**Materials provided**
━━━━━━━━━━━━━━━━
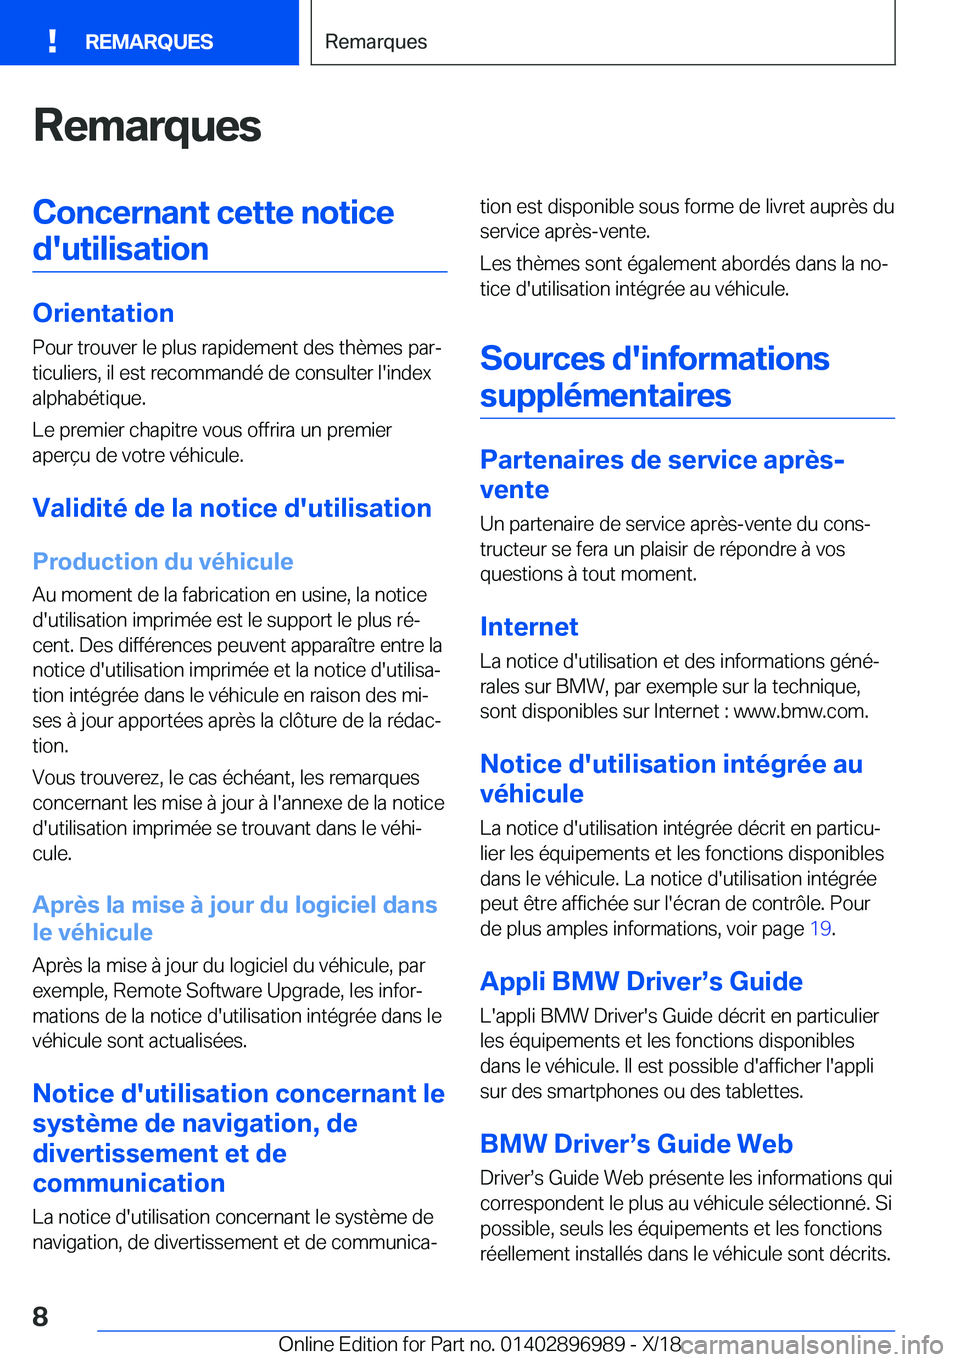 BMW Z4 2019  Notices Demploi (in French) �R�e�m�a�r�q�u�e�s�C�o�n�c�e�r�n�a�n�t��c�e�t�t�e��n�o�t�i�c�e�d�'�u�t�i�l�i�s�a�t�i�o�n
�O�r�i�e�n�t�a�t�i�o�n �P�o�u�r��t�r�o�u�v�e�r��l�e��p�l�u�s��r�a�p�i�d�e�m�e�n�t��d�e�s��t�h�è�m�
━━━━━━━━━━━━━━━━
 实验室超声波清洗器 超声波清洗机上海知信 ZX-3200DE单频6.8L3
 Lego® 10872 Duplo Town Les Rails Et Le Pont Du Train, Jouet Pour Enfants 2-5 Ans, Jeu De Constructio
━━━━━━━━━━━━━━━━
**Directions for this task**
Return exactly, and only, the lines above starting at the line that contains "实验室超声波清洗器 超声波清洗机上海知信 ZX-3200DE单频6.8L3" and ending at the line that contains "Lego® 10872 Duplo".

**Written response**
 实验室超声波清洗器 超声波清洗机上海知信 ZX-3200DE单频6.8L3
 Lego® 10872 Duplo Town Les Rails Et Le Pont Du Train, Jouet Pour Enfants 2-5 Ans, Jeu De Constructio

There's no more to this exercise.